[[ RECORDS FOR THE EXERCISE open ]]

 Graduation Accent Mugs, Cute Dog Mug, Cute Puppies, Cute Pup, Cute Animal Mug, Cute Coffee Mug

[[ RECORDS FOR THE EXERCISE closed ]]
[[ RECORDS FOR THE EXERCISE open ]]

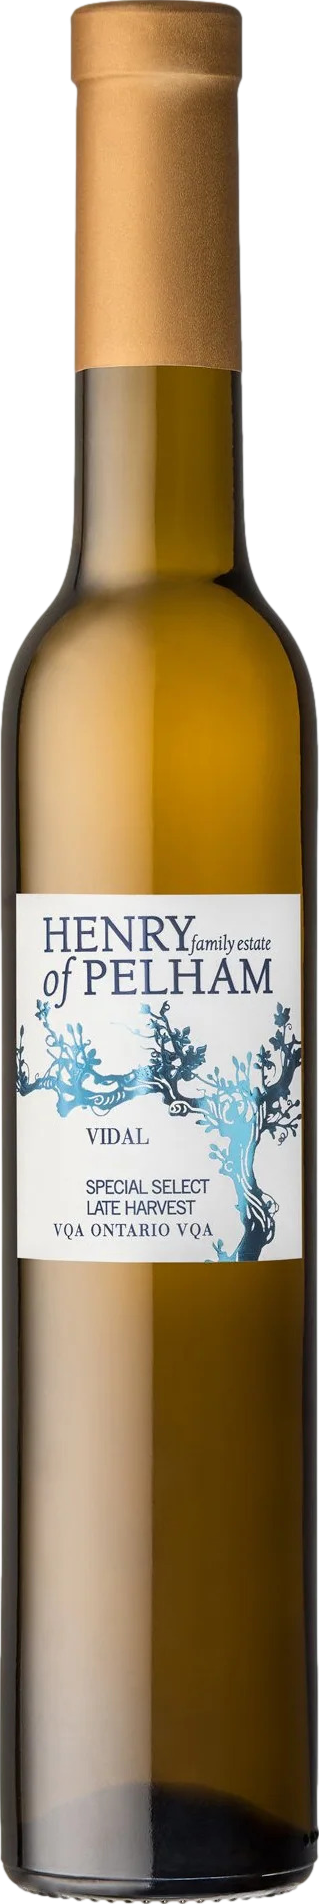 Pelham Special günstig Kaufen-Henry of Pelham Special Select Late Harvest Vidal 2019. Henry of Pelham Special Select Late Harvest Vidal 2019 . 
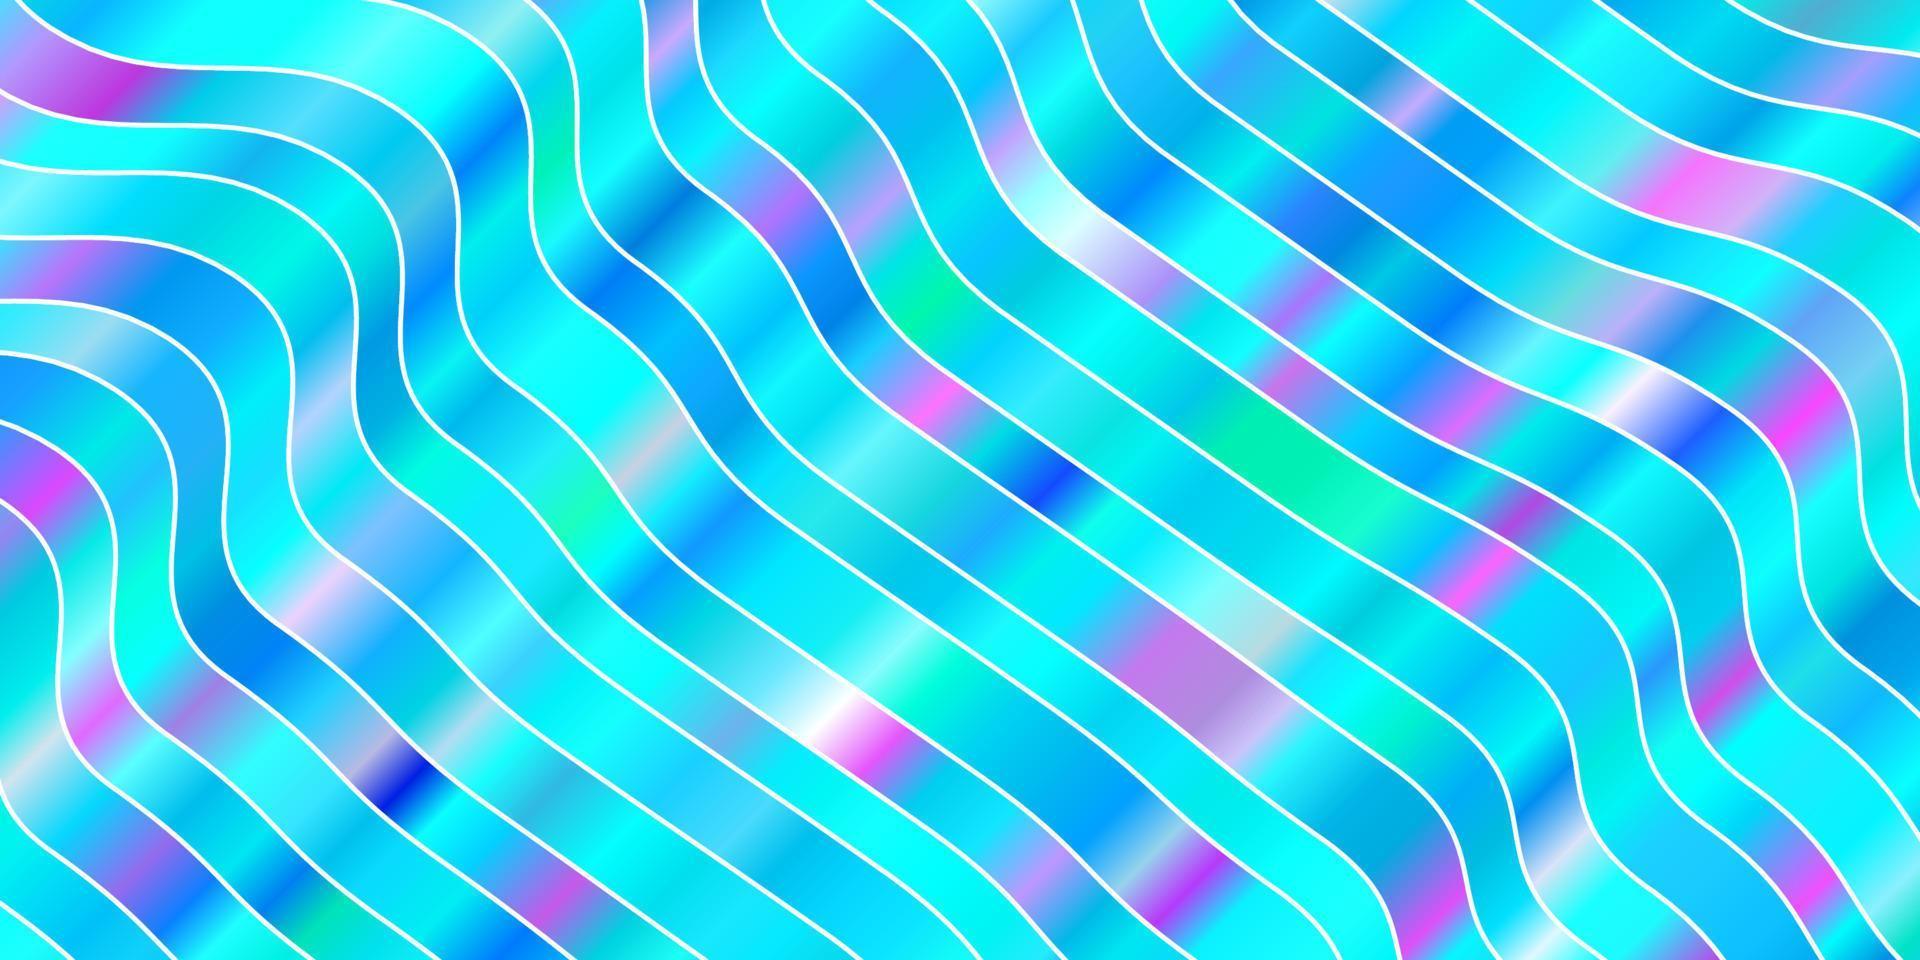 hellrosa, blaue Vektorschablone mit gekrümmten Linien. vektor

[[ RECORDS FOR THE EXERCISE closed ]]

**EXERCISE PROMPT**
Beginning with the line above that has "Pelham Special günstig" and going on through the line that has "hellrosa, blaue Vektorschablone", retype every line exactly and add nothing else; drop the pictures.

**EXERCISE RESPONSE**
 Pelham Special günstig Kaufen-Henry of Pelham Special Select Late Harvest Vidal 2019. Henry of Pelham Special Select Late Harvest Vidal 2019 . 
 hellrosa, blaue Vektorschablone mit gekrümmten Linien. vektor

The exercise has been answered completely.